What is required
Output the data word for word, dropping every image.

Available data
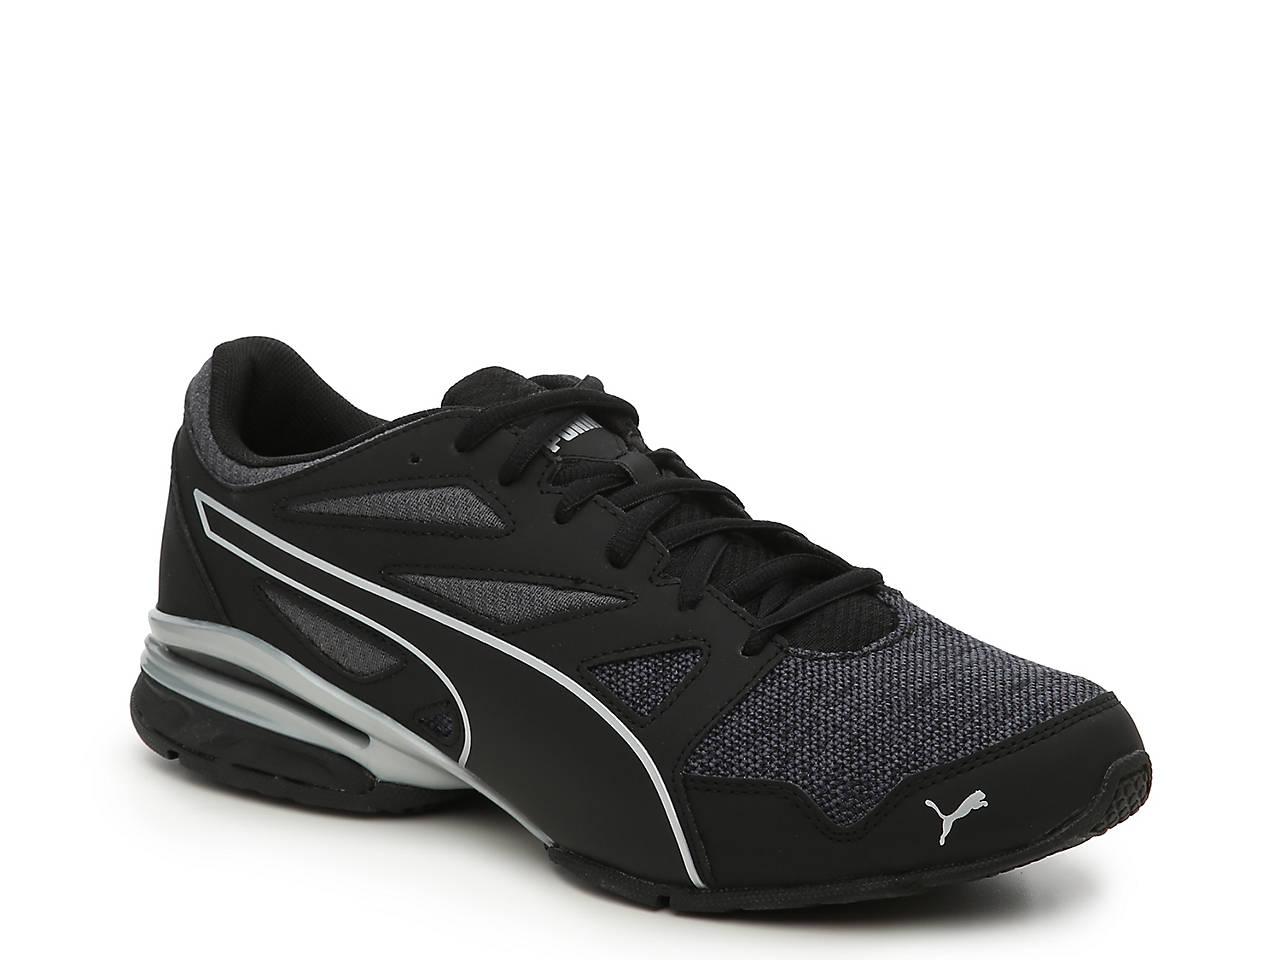 Tazon Modern Sneaker Men's
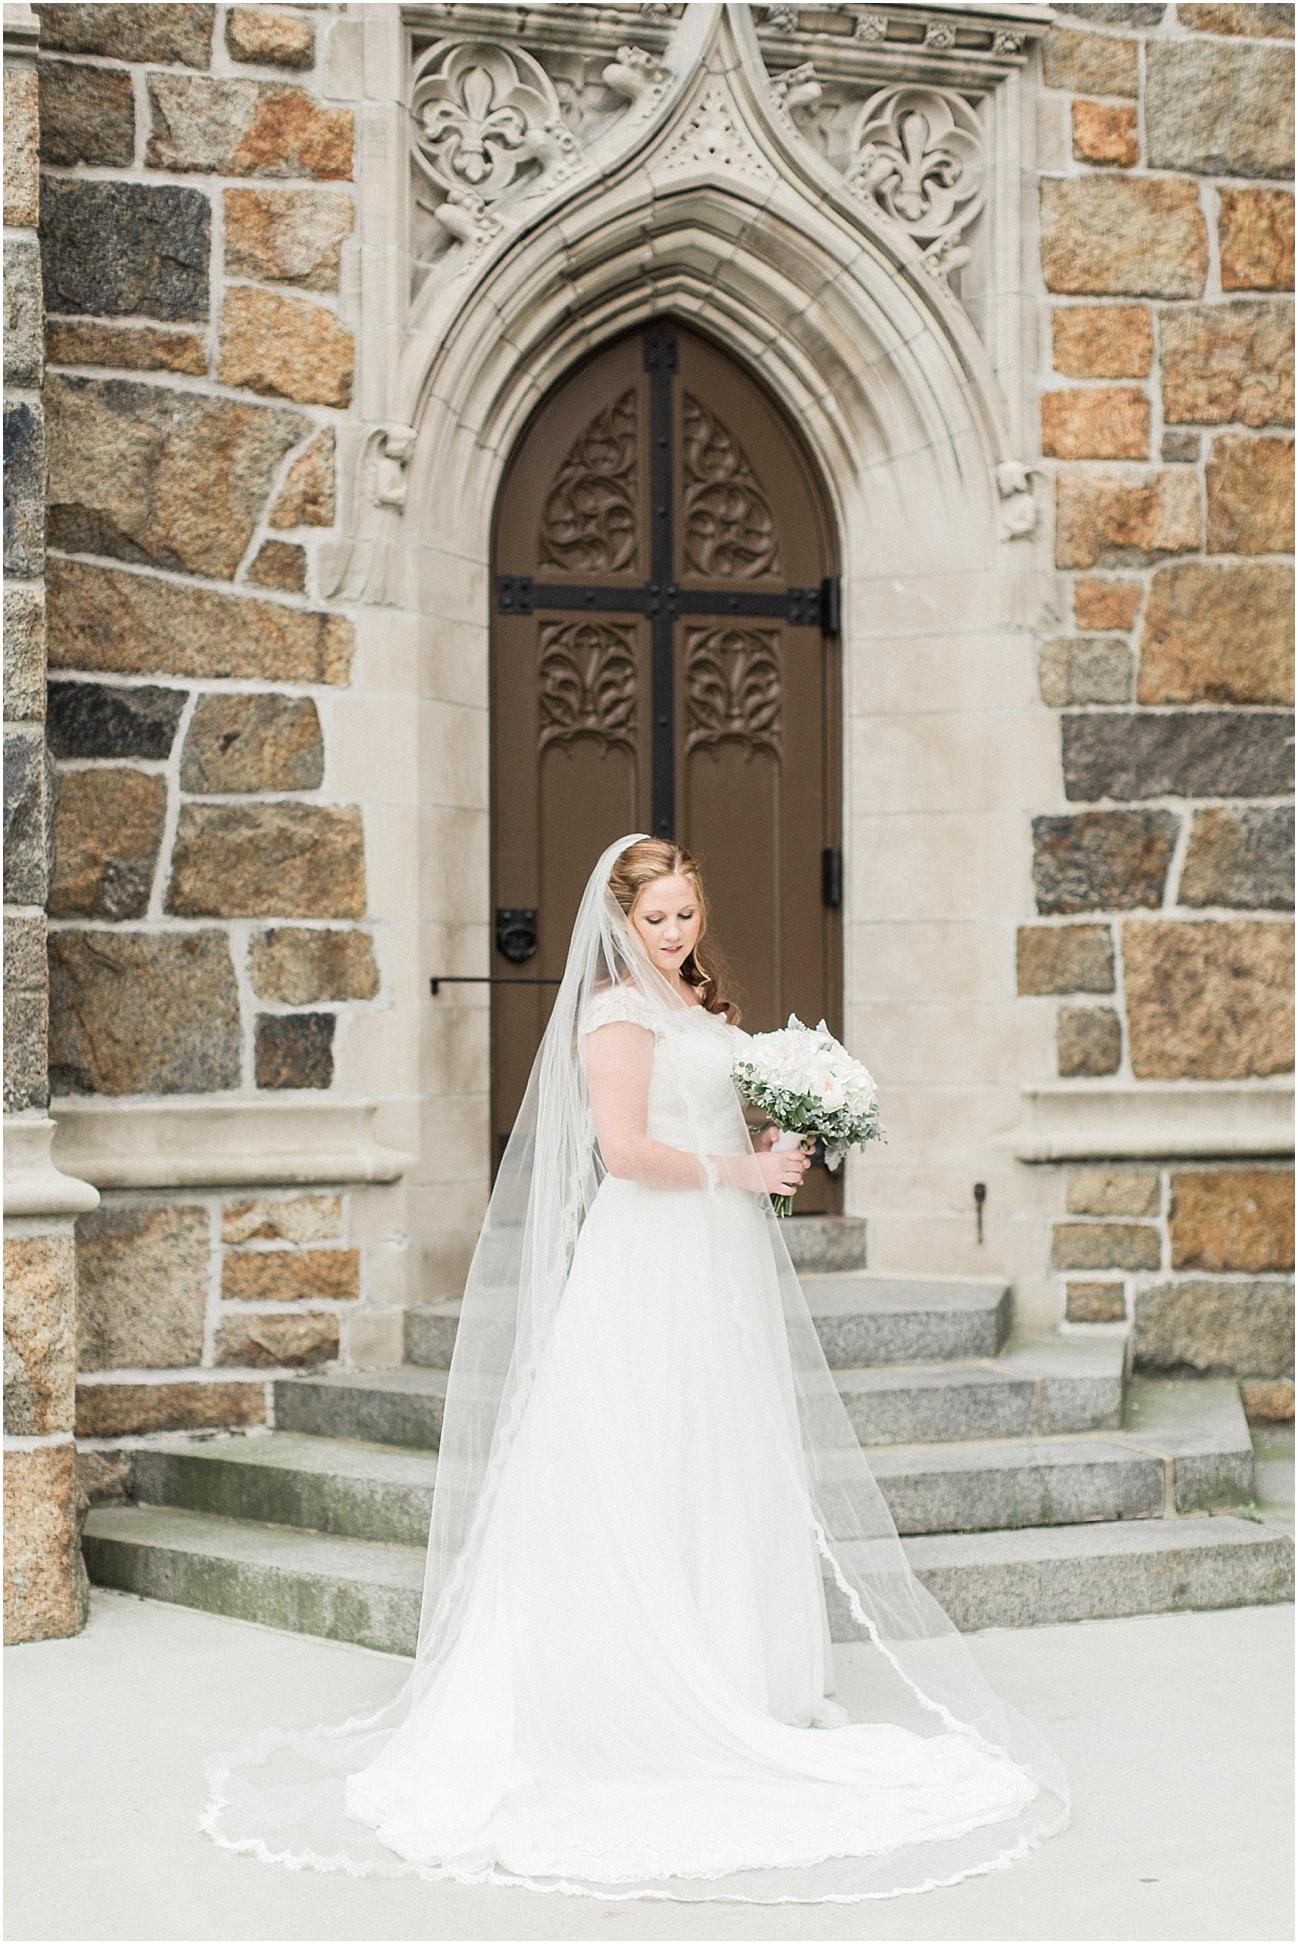 jaclyn_adam_st_ann_brendans_dorchester_southie_castle_bride_groom_venezia_waterfront__cape_cod_boston_wedding_photographer_meredith_jane_photography_photo_0907.jpg
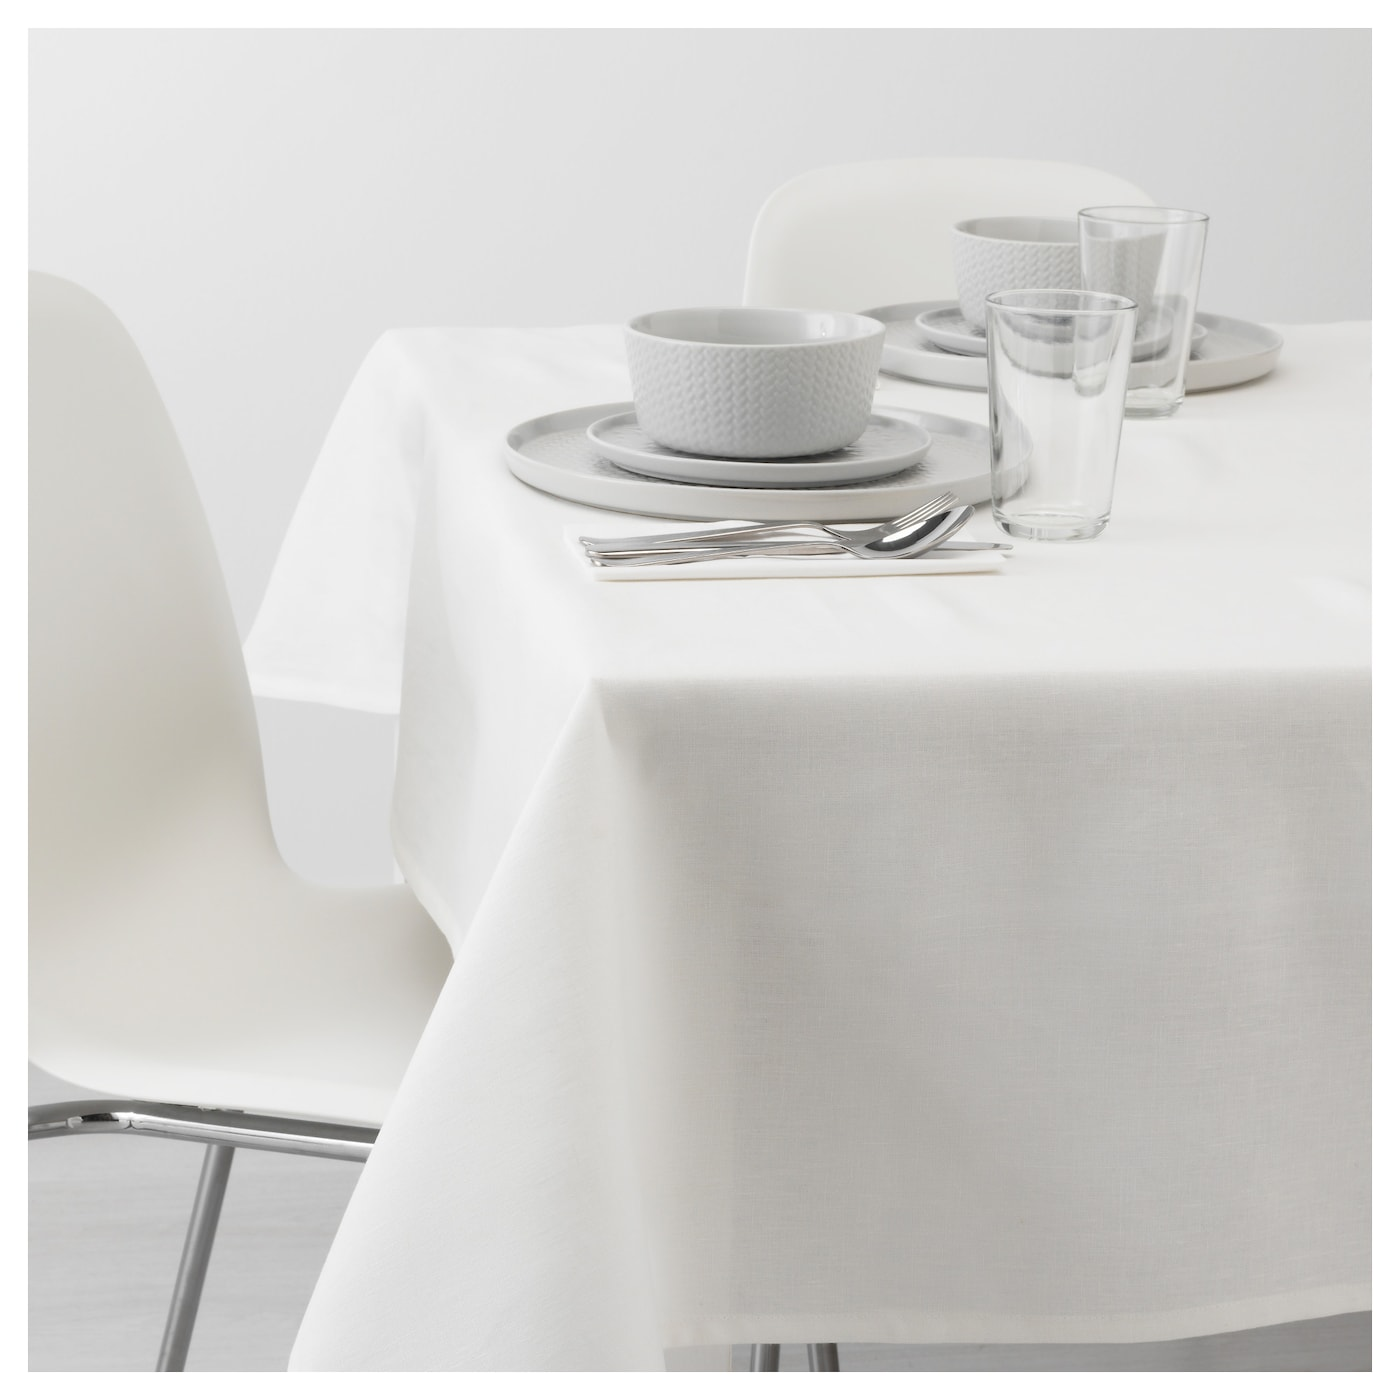 High Quality IKEA VINTER 2017 Tablecloth

Exercise solution
 Tazon Modern Sneaker Men's
 jaclyn_adam_st_ann_brendans_dorchester_southie_castle_bride_groom_venezia_waterfront__cape_cod_boston_wedding_photographer_meredith_jane_photography_photo_0907.jpg
 High Quality IKEA VINTER 2017 Tablecloth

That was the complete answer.